# DISH is blacking out MLB Bost/Balt game tonight



## billmarc (Oct 17, 2002)

So why is DISH blacking out the Boston/Baltimore game on MLB network? I cannot find an alternate channel for the game and since I live in Indiana, there is NO way that NESN will be freed up to watch it. AT&T U-Verse is showing the game on MLB net and of course so is Directv.


----------



## John W (Dec 20, 2005)

billmarc said:


> So why is DISH blacking out the Boston/Baltimore game on MLB network? I cannot find an alternate channel for the game and since I live in Indiana, there is NO way that NESN will be freed up to watch it. AT&T U-Verse is showing the game on MLB net and of course so is Directv.

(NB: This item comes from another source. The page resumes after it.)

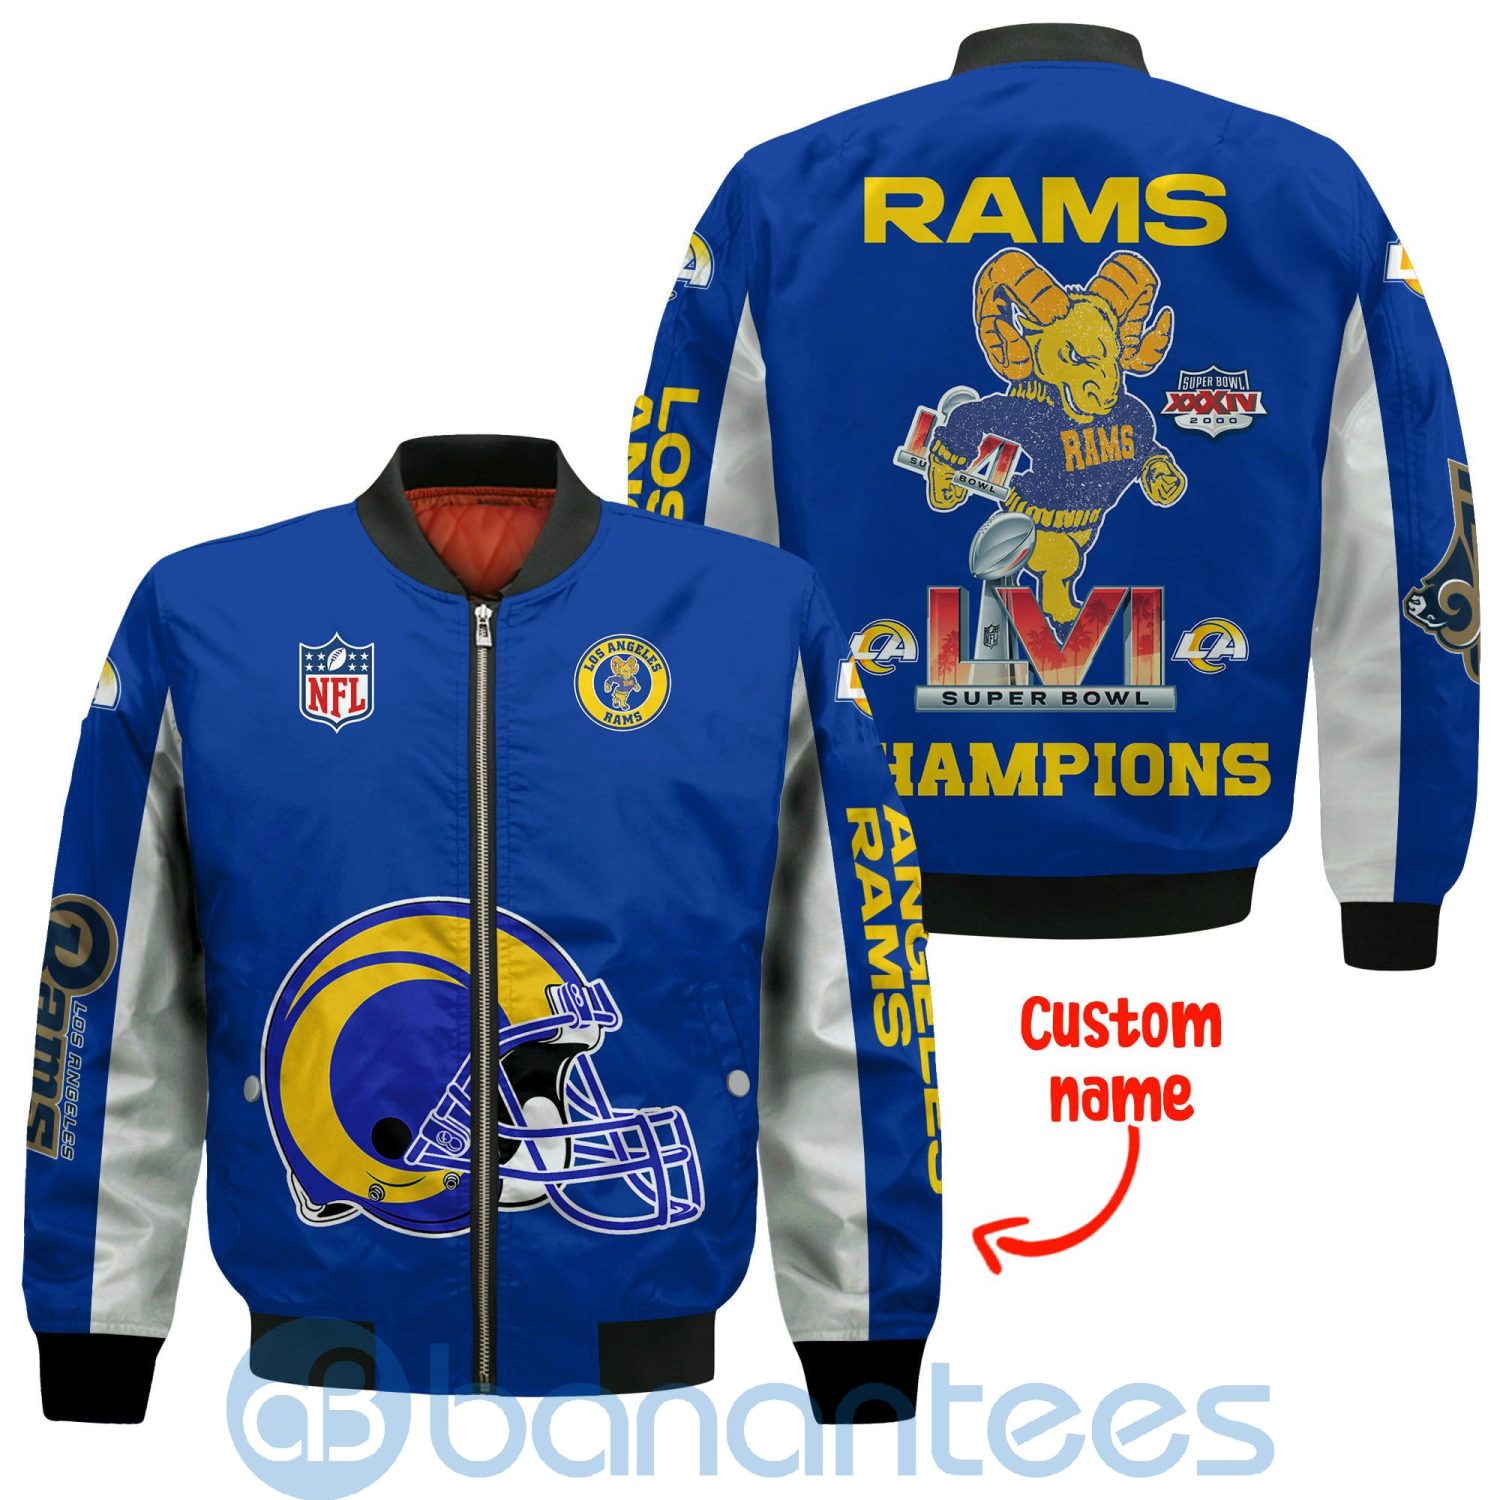 Los Angeles Rams Vintage Mascot Super Bowl LVI Champions 2021 Custom Name Bomber Jacket

In the clear here now, maybe out of the 3-hour zone.


----------



## Rduce (May 16, 2008)

In the clear in Michigan...


----------



## BillJ (May 5, 2005)

If you're a Boston fan probably best you didn't see it.


----------



## Steve_53 (Jul 6, 2005)

BillJ said:


> If you're a Boston fan probably best you didn't see it.


I am, and I'm sorry to say, I did.


----------



## coldsteel (Mar 29, 2007)

billmarc said:


> So why is DISH blacking out the Boston/Baltimore game on MLB network? I cannot find an alternate channel for the game and since I live in Indiana, there is NO way that NESN will be freed up to watch it. AT&T U-Verse is showing the game on MLB net and of course so is Directv.


It's because Dish does not yet carry the ALT feed for MLB, so they only have one feed from MLBN. So, in your area, MLB designated the other game they had as the 'primary', blacking you out for BOS-BAL on 153. It sucks, but, hopefully, Dish gets that ALT active for next season.


----------



## epokopac (Aug 8, 2007)

coldsteel said:


> It's because Dish does not yet carry the ALT feed for MLB, so they only have one feed from MLBN. So, in your area, MLB designated the other game they had as the 'primary', blacking you out for BOS-BAL on 153. It sucks, but, hopefully, Dish gets that ALT active for next season.


It was in the clear in Atlanta as well (it gets depressing watching the Braves lose night after night ) It was a nice surprise! Looks like it wasn't that hard for MLBN to "open up" the alt BOS/BAL feed for those in ATL and I would imagine PHL that use Dish. I'd still like to see the MLBN ALT channel active next year.


----------